Friends of the Earth (England, Wales, and Northern Ireland), Greenpeace, and the UK’s Royal Society for the Protection of Birds denounce burning trees for electricity as a greater threat to the climate over the coming decades than burning coal, the dirtiest fossil fuel, in a report released in November.
The report, Dirtier Than Coal: Why Government plans to subsidise burning trees are bad news for the planet, criticizes proposals by the UK government’s Department of Energy and Climate Change (DECC) to continue and expand taxpayer subsidies for the biomass power industry. The NGOs accuse the government of ignoring principles set out in the 2012 UK Bioenergy Strategy which called for a biomass energy policy that would “deliver genuine carbon reductions that help meet UK carbon emissions objectives to 2050 and beyond.” According to critics, even the Bioenergy Strategy’s policy conclusions support an expansion of biomass energy and contradict the analysis and cautions about carbon impacts.
Friends of the Earth (FOE), Greenpeace, and the Royal Society for the Protection of Birds (RSPB) say that the government has “chosen to exclude a number of key sources of emissions” from biomass energy in their carbon calculations, with the findings “based on fundamentally flawed data relating to greenhouse gas implications.” Failure to fix the error and rework biomass policies will come at “considerable cost to the public, and have a damaging impact our climate.”

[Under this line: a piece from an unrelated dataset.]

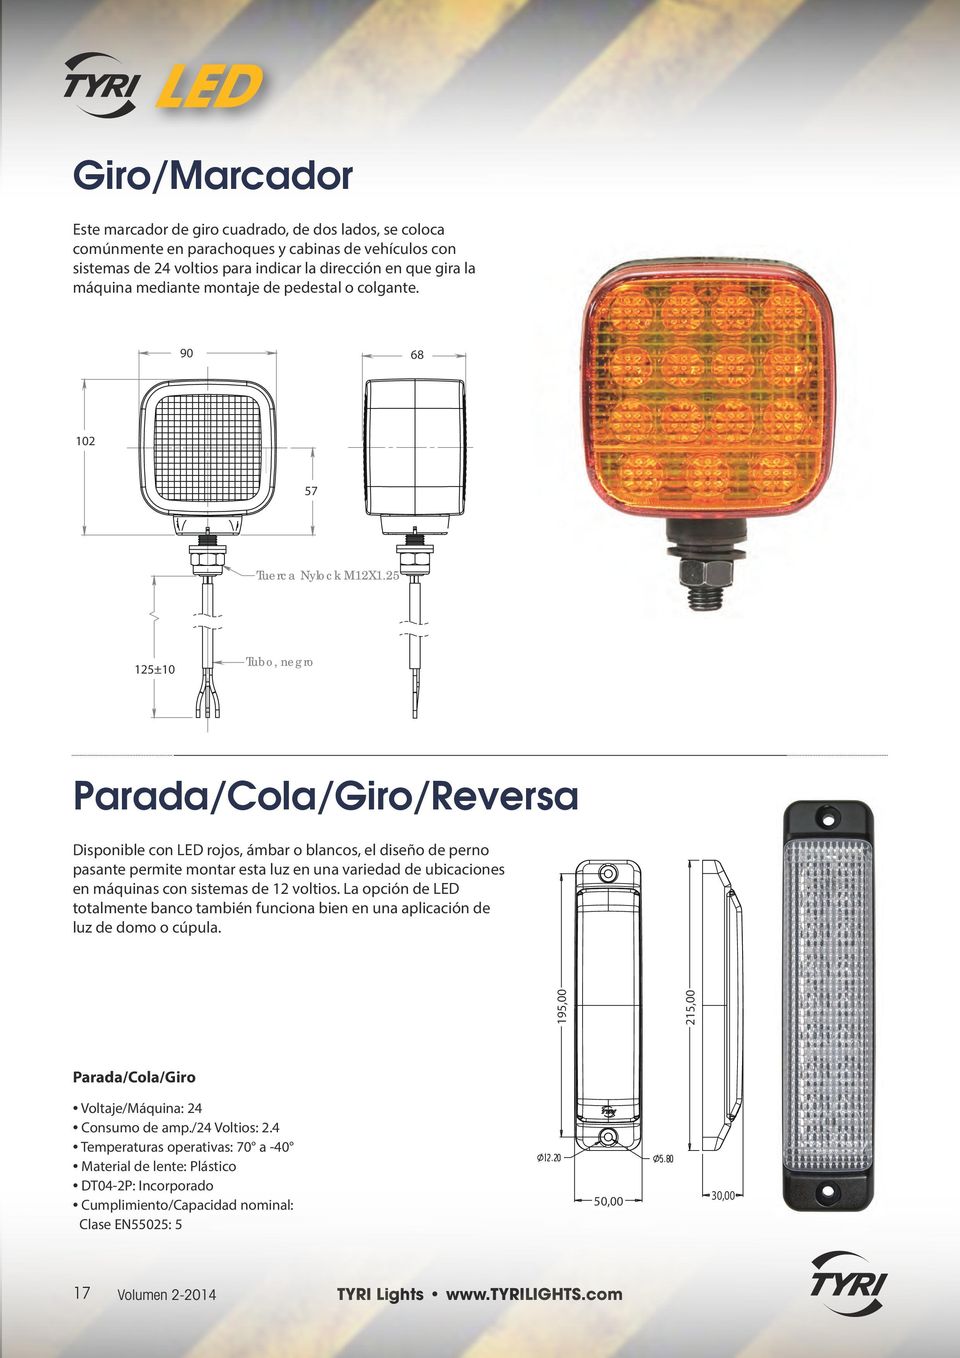 2 12±10 Tubo, negro Parada/Cola/Giro/Reversa Disponible con LED rojos, ámbar o blancos, el diseño de perno pasante permite montar esta luz en una variedad de ubicaciones en máquinas con sistemas de
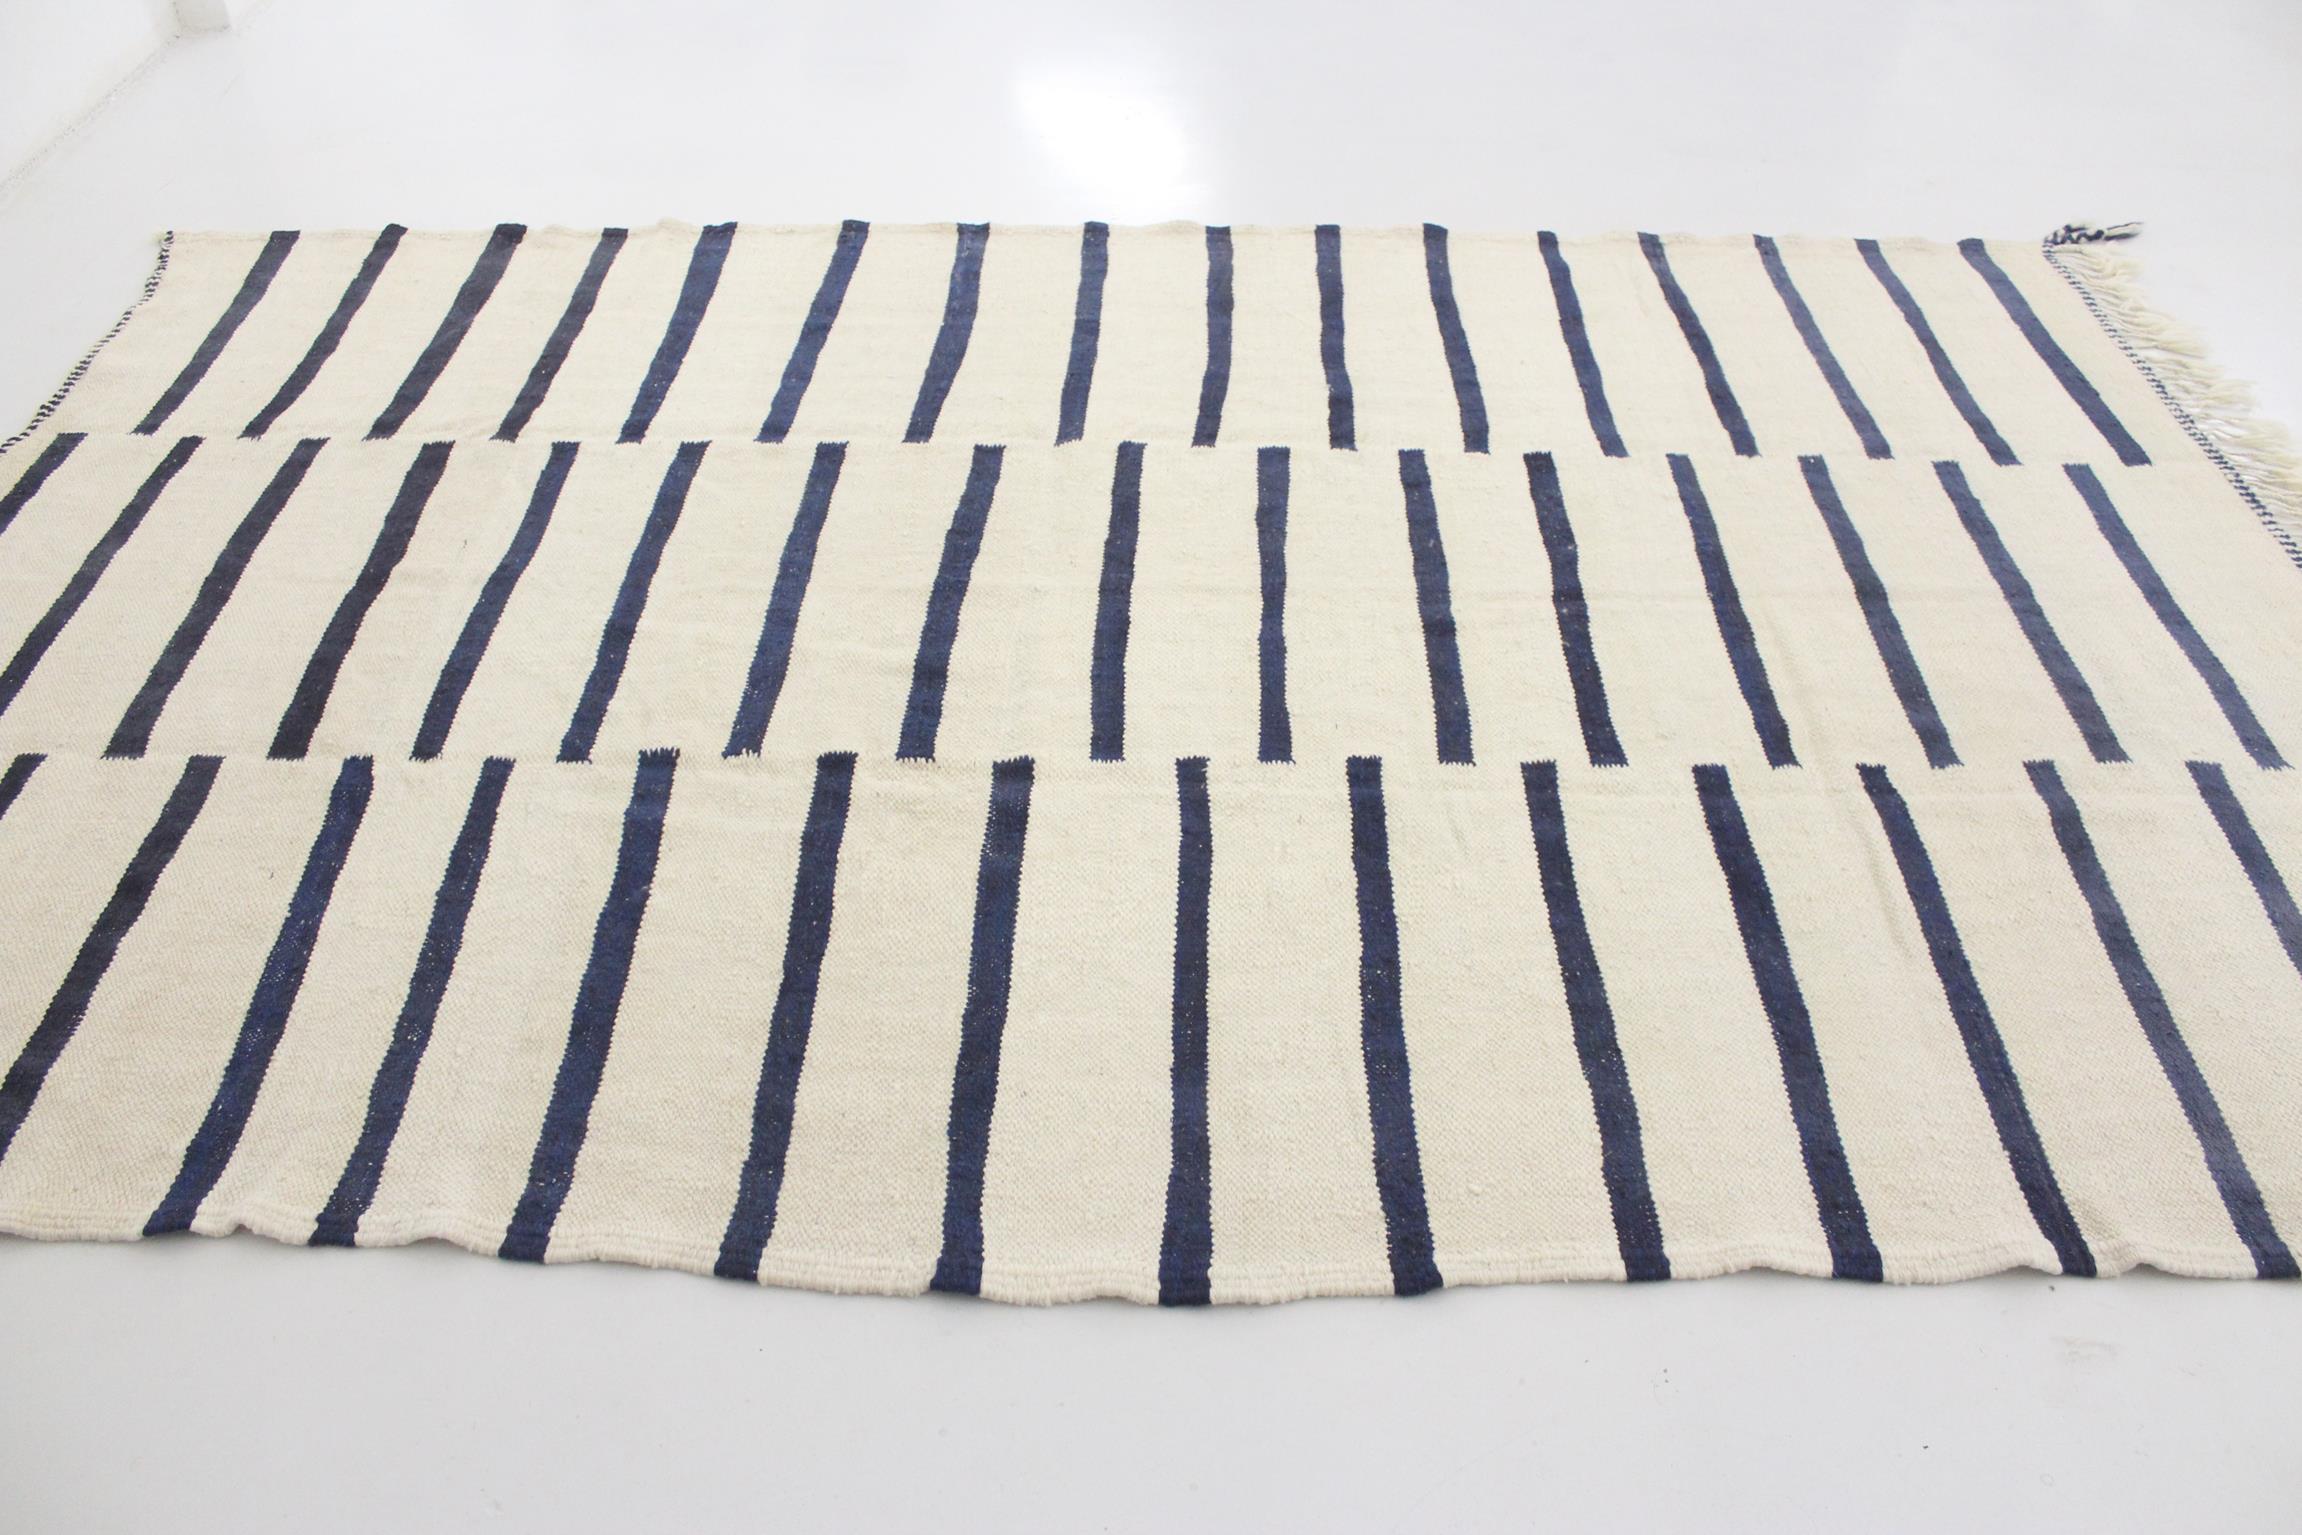 Modern Moroccan kilim rug - Cream/blue - 6.5x10.6feet / 200x323cm For Sale 4

Dirtier Than Coal alleges that government support for burning trees for electricity “threatens” commitments in the Climate Change Act of 2008 to cut back on greenhouse gases “in terms of actual emissions to the atmosphere in the critical period to 2050, within which we must avert dangerous climate change.” The report authors demand an “immediate review and revision” of the emissions calculations to include those from “carbon debt and indirect substitution,” and to develop a “comprehensive accounting system.” They call for an end to subsidies for burning biomass from saw logs and roundwood because of the compelling evidence for a high carbon debt from burning wood from whole trees.
Carbon debt refers to the increase of carbon in the atmosphere from cutting and burning trees for biomass energy. The report is based on a study by Timothy Searchinger at Princeton University that used DECC data to conclude that burning trees for electricity would emit eighty percent more greenhouse gases than burning coal over a twenty year time frame and forty nine percent more over forty years. Only after one hundred years would burning trees for electricity “perform better than coal,” according to the study.
The environmental groups point out that DECC “ignores the fact that forests are already growing and already storing carbon,” and that when forests are cut and burned for energy, that “carbon storage is reduced” and the CO2 that had been stored in the trees escapes into the atmosphere.
Indirect substitution is what happens when wood is “diverted from existing uses, such as construction and wood panels.” According to DECC data, eighty percent of trees for biomass energy would have to be imported, since the UK has a “limited domestic wood resource that is already in demand from other industries.” The groups claim that ignoring this factor “directly contradicts the UK Bioenergy Strategy.”
Almuth Ernsting of Biofuelwatch says there are many other negative impacts from biomass energy than just carbon dioxide emissions. Since many of the trees that the UK would burn would come from monocrop tree plantations, such as fast-growing eucalyptus in the southeastern US and the global south, “the destruction of biodiversity, the impacts on the livelihoods of local communities, on land and human rights, freshwater, and soil will be very severe.”
Ernsting warns that “if the biomass debate gets reduced to one solely about carbon debt then there is a real danger that energy companies and their consultants will produce enough dubious reports to convince or at least confuse the public and policy makers and thus to ensure that subsidies remain in place.”
Not just environmentalists are condemning the UK government’s biomass boosting. The Wood Panel Industries Federation, an organization representing “industrial manufacturers” of wood chipboard, oriented strand board, and medium density fiberboard in the UK and Ireland launched a campaign—Stop Burning Our Trees—to push back against burning trees for electricity.
The campaign’s goal has been to remove subsidies for tree-fueled biomass due to its impact on the wood panel business, stating that “burning trees will eventually cost hundreds of UK jobs.” Their petition reads that subsidizing tree burning for energy means that “energy companies can afford to pay more for trees than anyone else,” which spikes the price of “timber and hurts businesses that make useful things with wood.”
The Renewable Energy Association (REA), a trade association representing “renewable energy producers” in the UK, issued a statement rebutting Dirtier Than Coal. REA claims that an expansion of logging for biomass power incineration would result in “less neglect of forests,” insisting that forests and the climate benefit more from logging than preservation. The REA also advocates for an increase in old growth logging to fuel biomass power incinerators.